When Stuart Sternberg and his crew took over the team they changes the logo, uniform colors and the general feel of the franchise from the ground up. This quick transition in November 2007 might have also stunted the growth of solid traditions for the team, but the newly established Rays franchise was evoking winning and a change of attitude from within the organization outward to the fans. It has been a success so far, and the future looks bright to see more exciting changes with the Rays fan base.
The first person who ever did “The Wave” must have had the people in the seating section next to him thinking he was an escaped mental patient, but slowly the crowd action caught on and it is now an International crowd event. When was the last time you went to any sporting event and someone did not try and start a “Wave”?

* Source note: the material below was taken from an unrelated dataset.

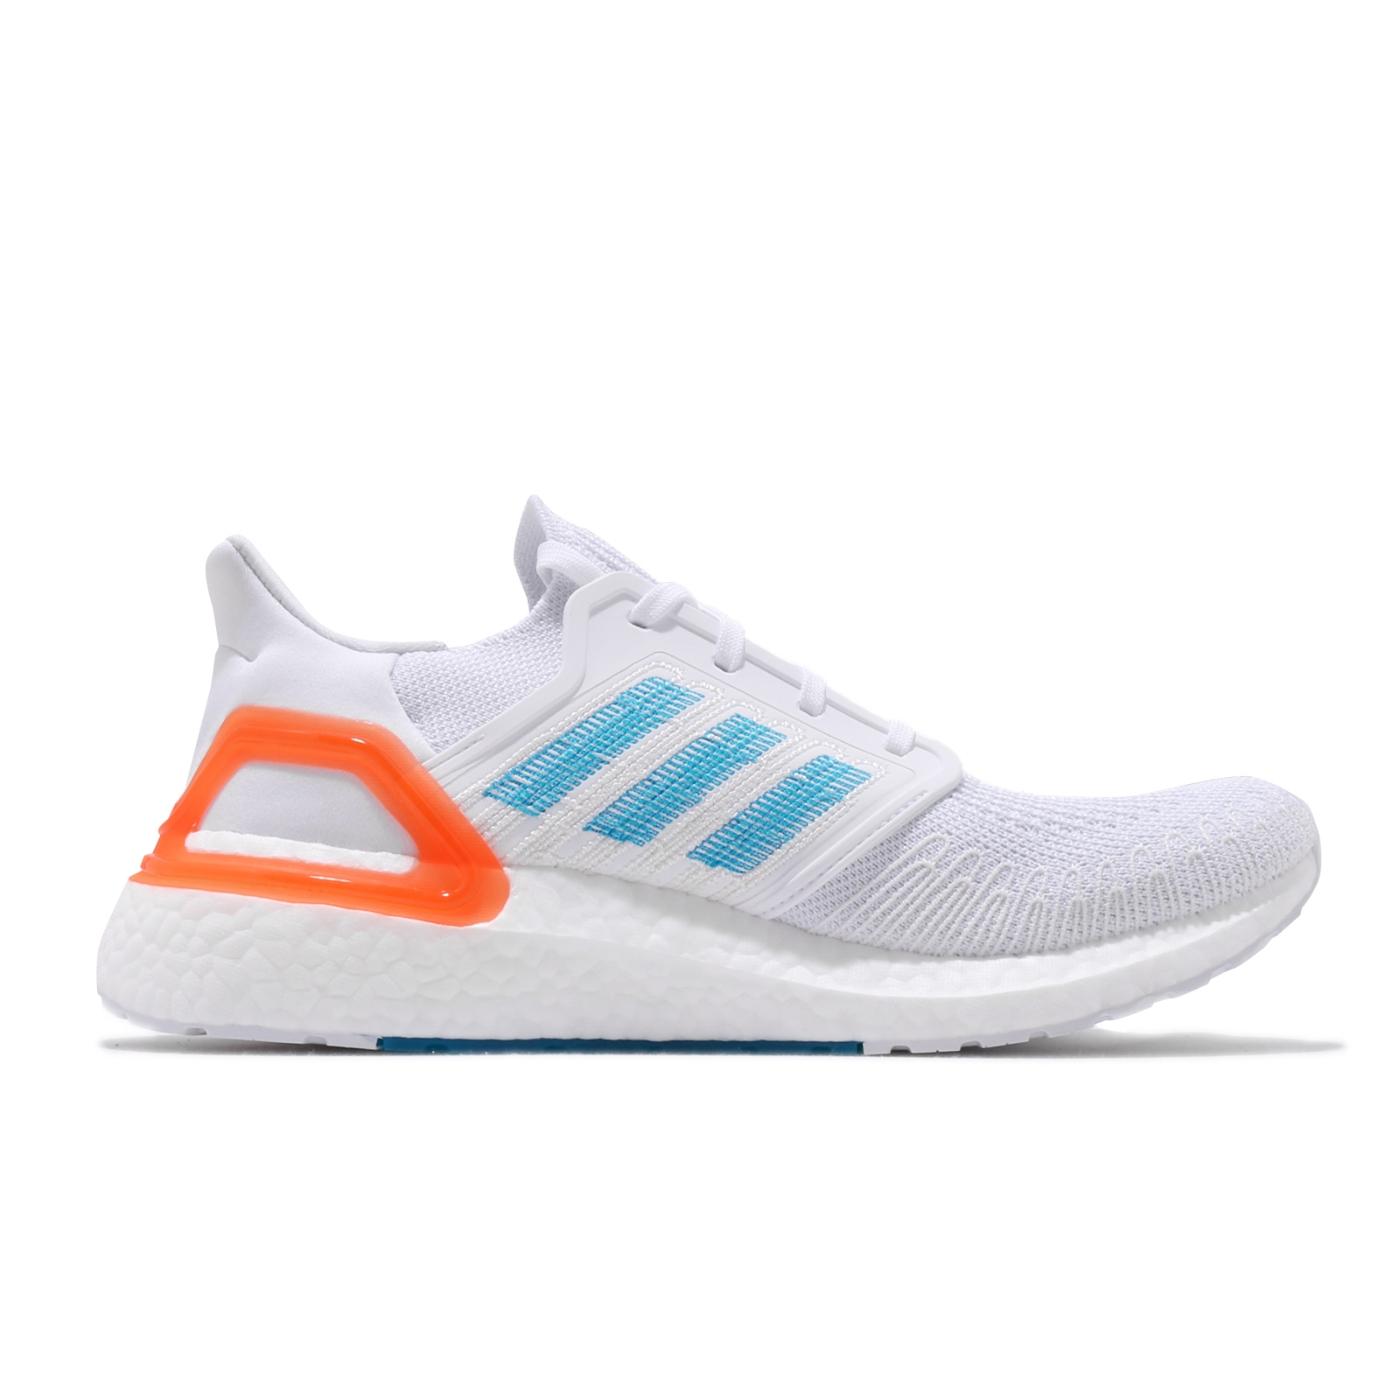 adidas 慢跑鞋 ULTRABOOST 20 襪套式 男鞋 愛迪達 運動休閒 緩震 輕量 穿搭 白 藍 橘 EG0768

Oh, and for those people in the northeast regions of this country who hate those pesky cowbells. How soon you forget that the tradition started in the state of New York at Brooklyn Dodger baseball games by a little old lady who sat in the outfield used to ring her cowbell to show support for her team. Some traditions fall, some traditions linger. But the best traditions are the ones that get people excited and eager to participate every time someone starts them.